Summary Based on the anatomic data obtained from earlier studies on the vascular anatomy of the hand, the vascular architecture in the palm of the hand was studied on 60 sides of unembalmed adult upper extremities. Each palm was divided into 64 squares by 8 sagittal and 8 transverse sections. The vascular architecture in these squares and the arterial relations between them were observed and measured by angiography, operative microscopic dissection and computerised three-dimensional reconstruction. According to the pattern of the blood-vessels, the amputated palms can be classified into 4 types. The anatomic basis for the vascular anastomosis in each type is defined. There are three key-areas for the blood-supply of the palm and their significance is discussed. Apart from the 4 types of transversely amputated palms, the repair programe of the blood-vessles in 4 types of common obliquely amputated palms are also discussed.
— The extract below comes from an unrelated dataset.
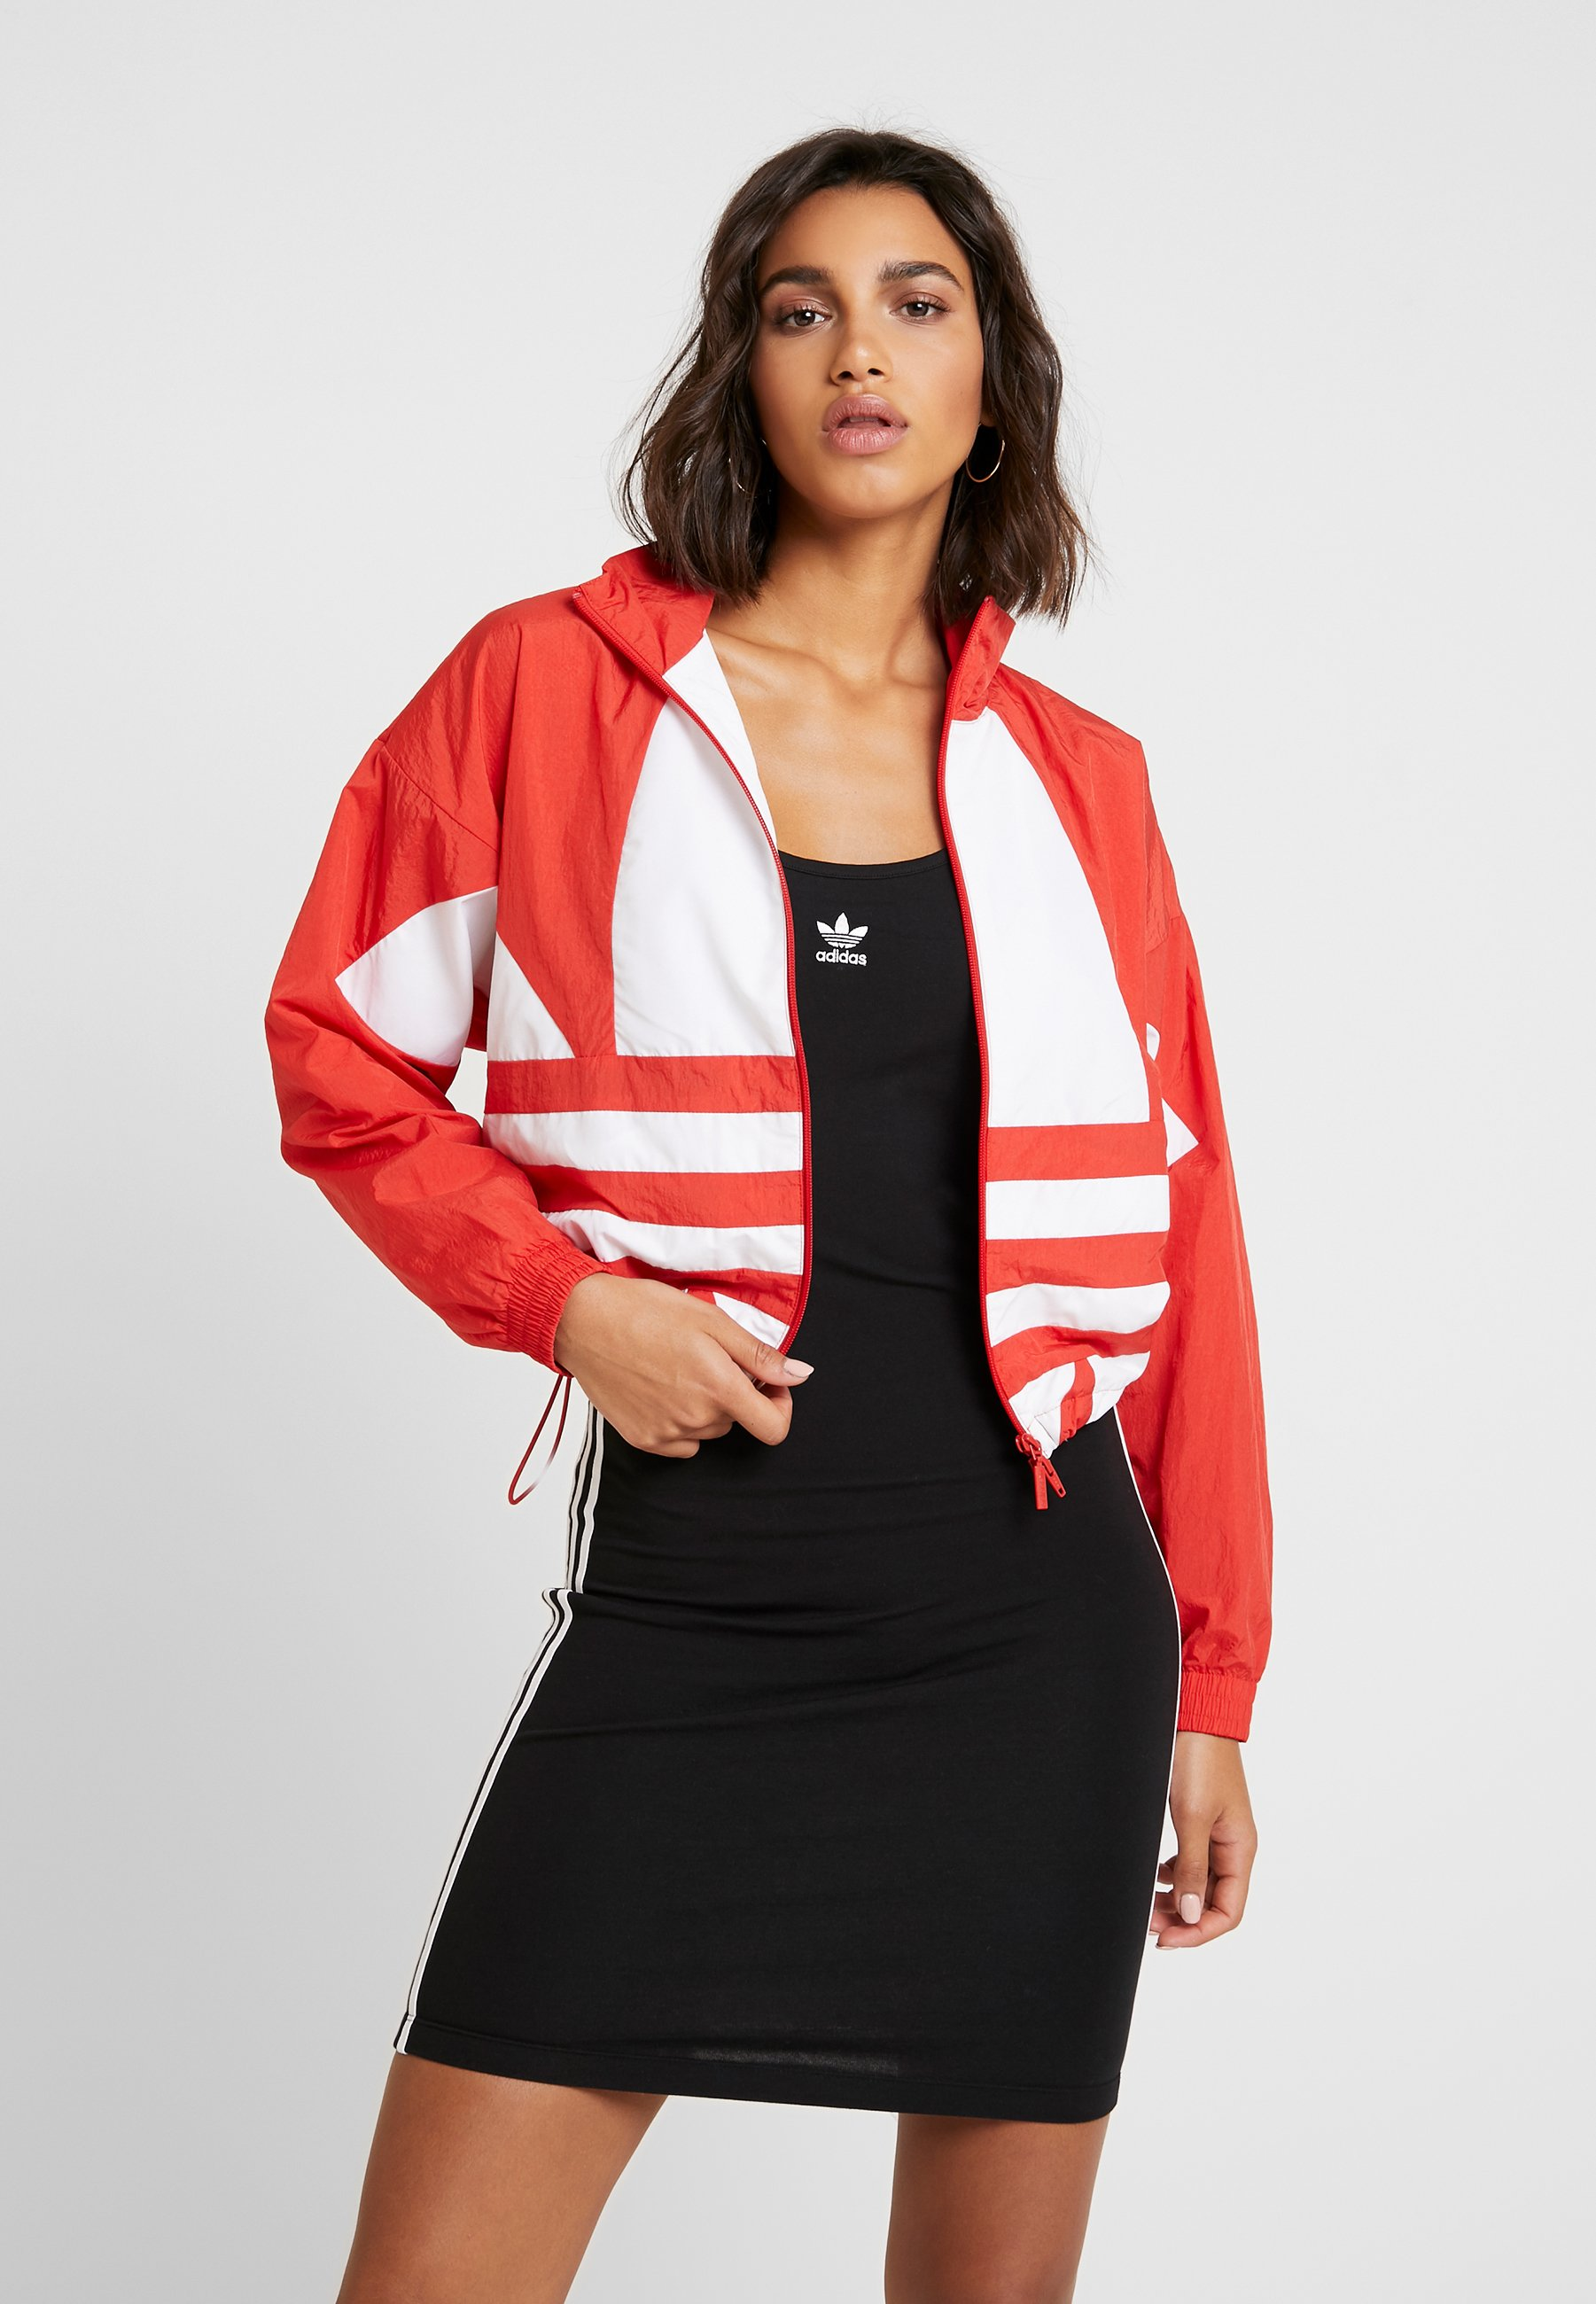 Hyper Online Women's Clothing adidas Originals LOGO Training jacket lush red/white 6m3e7sz0k

Etude complémentaire de l'anatomie vasculaire de la main pour la réimplantation des amputations transpalmaires
Résumé Sur la base de données anatomiques obtenues lors de précédents travaux sur l'anatomie vasculaire de la main, l'architecture vasculaire palmaire a été étudiée sur 60 extrémités supérieures de cadavres d'adultes, non embaumés. Chaque paume a été divisée en 64 carrés par 8 sections sagittales et 8 sections transversales. L'architecture vasculaire à l'intérieur des carrés et les relations artérielles entre eux ont été étudiées et mesurées par angiographie, dissection au microscope opérateur et reconstruction computérisée en 3D. Les paumes amputées ont été regroupées en 4 types d'après la distribution des vaisseaux sanguins. Les données anatomiques concernant les anastomoses vasculaires sont précisées. Il existe trois zones clés pour l'irrigation de la paume. Leur importance quant à l'irrigation de la main est exposée. Outre la division des paumes amputées transversalement en 4 types, le programme de réparation de vaisseaux dans les 4 types d'amputations obliques communes de la paume et aussi discuté.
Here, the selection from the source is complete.